FCC’s ‘financial milestone’

01 April 2014

Juan Béjar, executive vice chairman and CEO of FCC, with Esther Alcocer Koplowitz, chairman

Juan Béjar, executive vice chairman and CEO of FCC, with Esther Alcocer Koplowitz, chairman

Global Spanish construction and infrastructure group FCC has completed the signing main refinancing contracts which began last year – the largest ever refinancing in Spain, and one of the biggest in Europe.

It involves replacing existing loans and credit facilities with a new long-term syndicated loan aligned with the goals of the group's strategic plan.

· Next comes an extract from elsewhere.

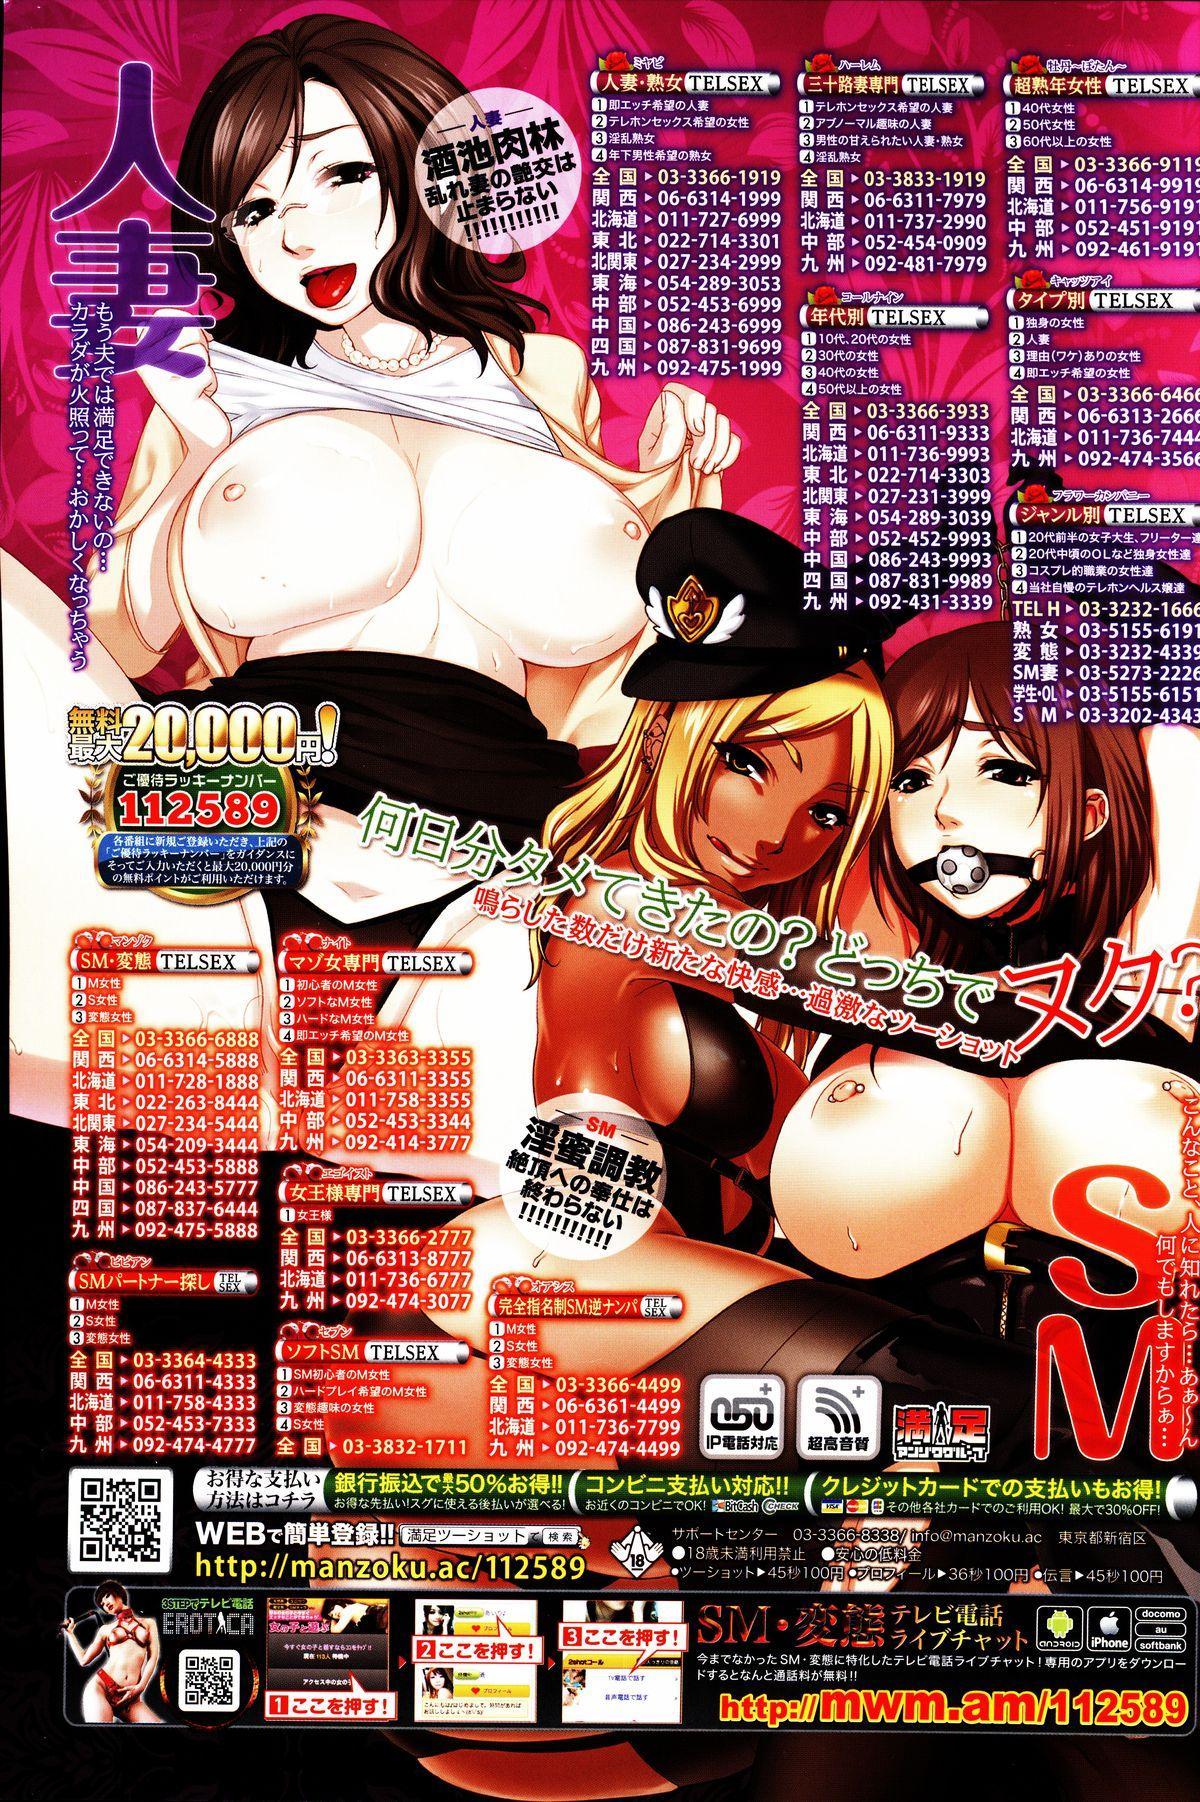 Girls forM Vol. 09 420

FCC is currently working on some of the world’s largest infrastructure and construction projects such as the Panama City Metro in Central America, which will be inaugurated this week. An FCC consortium will also start construction on lines 4, 5 and 6 of the Riyadh Metro in Saudi Arabia later this year.

The refinancing is described as a major milestone for FCC in its efforts to turn around the business. In early 2013, FCC’s new CEO, Juan Béjar, announced a strategic plan to return the company to growth. Since then, FCC has divested non-core assets to a value of over €1.5 billion.

Funds associated with Bill Gates (October 2013) and more recently George Soros (January 2014) have also invested in the company. FCC said the refinancing deal marked the successful closure of a process that would create the right conditions for FCC to move forward as a company.

The total amount of the refinancing is €4.51 billion, replacing the same amount of pre-existing debt in a number of structures, both syndicated and bilateral.

The financing will be in two parts. Tranche A, amounting to €3.16 billion, will be in the form of a mercantile loan, while Tranche B, at €1.35 billion, includes the right to convert into newly-issued shares at market price (without a discount) of the outstanding balance at maturity.

Four years from the completion date, such maturity may be extended up to six years at most in the event of conversion of Tranche B into FCC shares.

In Tranche A, €150 million will be repaid after 24 months, €175 million after 36 months, and the remainder at maturity.

FCC said the interest rate on Tranche A would be Euribor (the rate at which Euro interbank term deposits are being offered by one prime bank to another within the Economic Monetary Unit zone) plus a variable spread that rises with time – 3% in year one, 3.5% in year two, and 4% in years three and four.

The interest rate on Tranche B is Euribor, also plus a variable spread that rises with time – 11% in year one, 13% in year two, 15% in year three, and 16% in year four.

In the event of early repayment of Tranche B, the interest rate on the repaid portion will be reduced to 6% of the amount repaid in the year in which that occurs.

An agreement has also been reached with subsidiary Cementos Portland Valderrivas's credit banks to defer FCC's €200 million contingent capital contribution.